Triangle line integral

[xmflea]

Let C be the triangle in the plane from (0,0) to (1,1) to (0,1) back to (0,0). evaluate the line integral of f along C if f(x,y)=(x+2y).

attempt:
C1: x=t y=t ds=root(1)dt, integrated t+2t from 0 to 1 to get 3/2
C2: x=-t ds=root(1)dt, integrated -t from -1 to 0 to get 1/2
C3: y=-t, ds=root(1)dt integrated -2t from -1 to 0 to get 1.
added up 3/2, 1/2, and 1 to get the wrong answer.
the correct answer is (1/2)(3root2 + 7)

looks like I am parametizing completely wrong. so how do i go about this? thanks.

 

[Cyosis]

For starters regarding path C1, c'(t)=(1,1). What is the length of the vector (1,1)? The rest of C1 is correct.

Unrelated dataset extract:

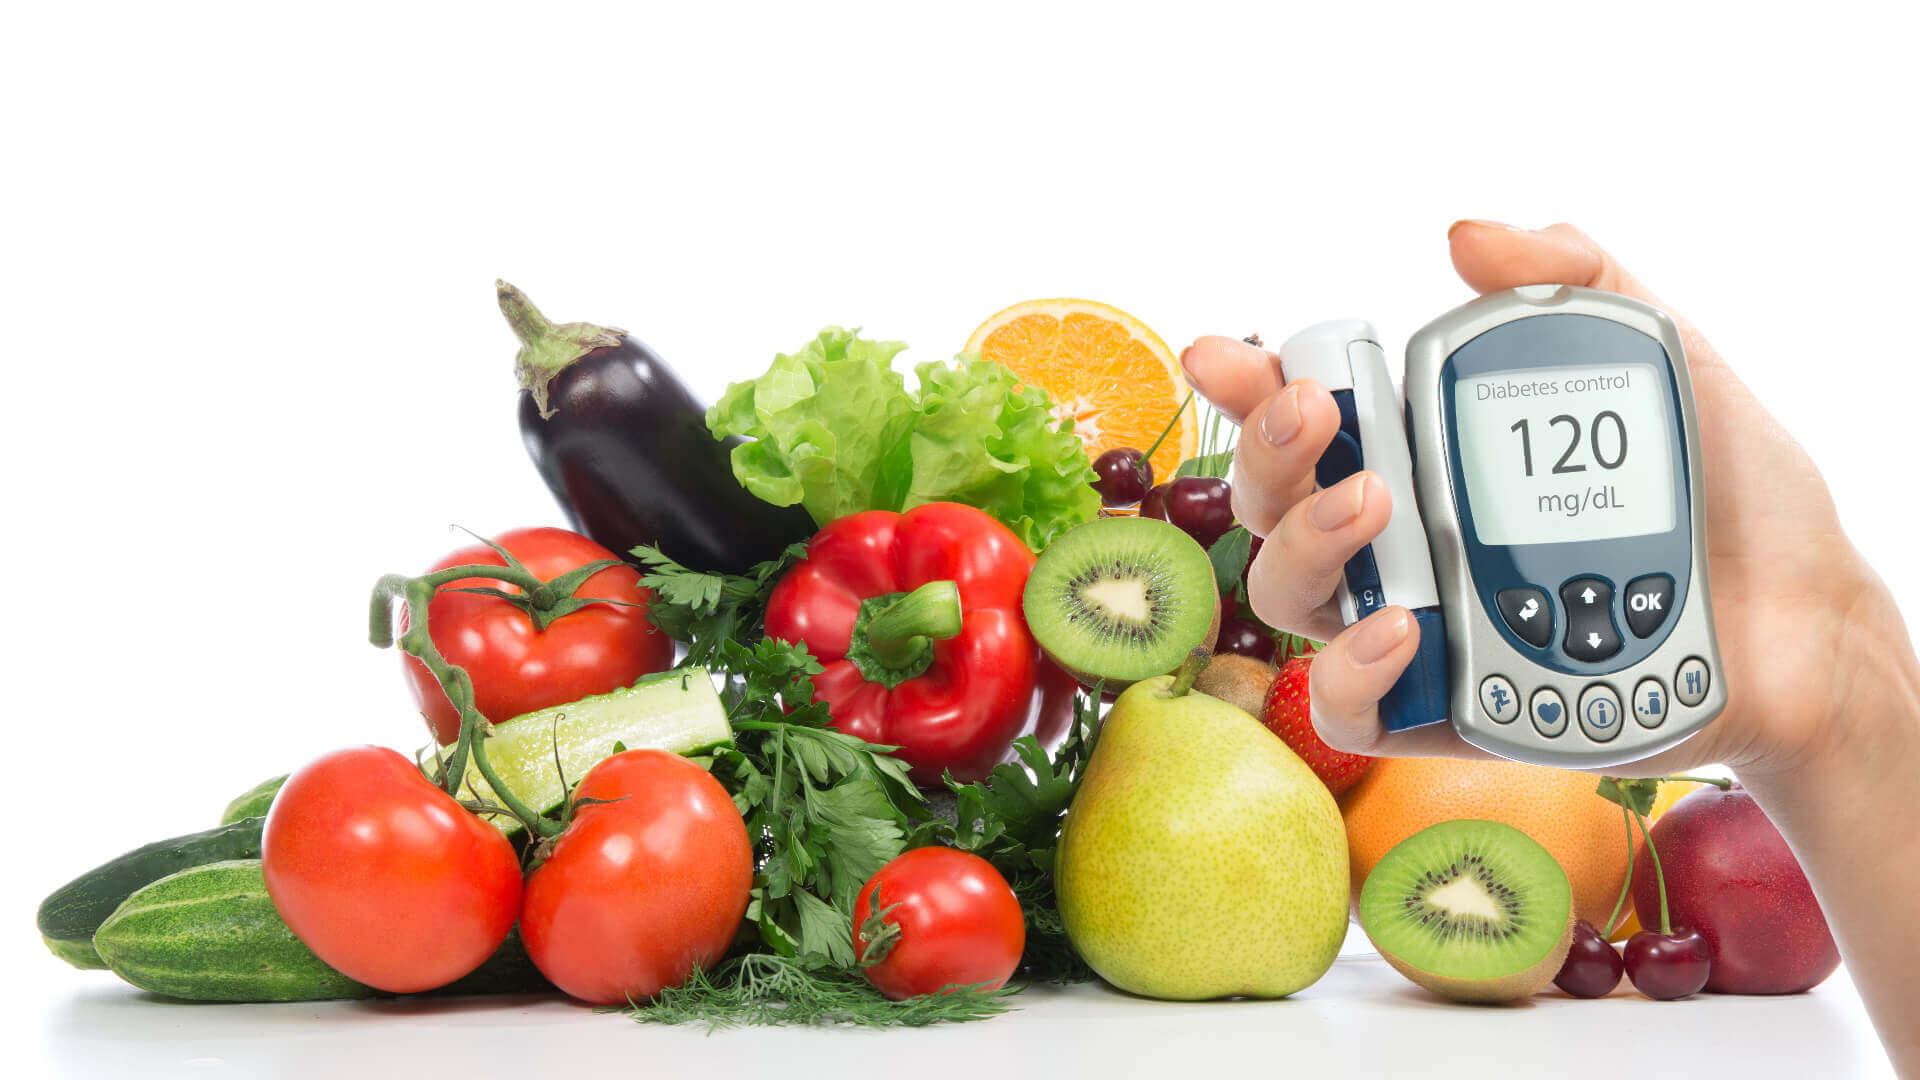 Dieta W Cukrzycy Czego Nie Jesc W Cukrzycy Jadlospis Cukrzyka

For path C2 c(1) should yield (1,1). In your case c(1)=(1,k), with k an undetermined parameter since you didn't parametrize y for this side of the triangle.

For path C3 a similar problem occurs.

You want to find yourself a parametrization of the following form:

$$c(t) = \left\{ \begin{matrix} (t,t) & 0 \leq t \leq 1 \\ (..,..) & 1 \leq t \leq 2 \\ (..,..) & 2 \leq t \leq 3 \end{matrix} \right$$

What you have been doing so far is making some weird jumps in time for your C2 and C3 paths. I suggest you draw the triangle and seeing as all sides are straight lines use y=at+b to parametrize each segment.

Example for the side (1,1)->(0,1)

We know that the y coordinate remains constant and equals 1. Therefore our parametrization will be of the form (x(t),1). We now need to find x(t). x(t) decreases linearly between 1 and 0 so its equation will look like x=at+b. For t=1 we know that x=1 therefore 1=a+b. For t=2 we know that x=0 therefore 0=2a+b. Solving for a and b will yield x(t)=2-t therefore c(t)=(2-t,1).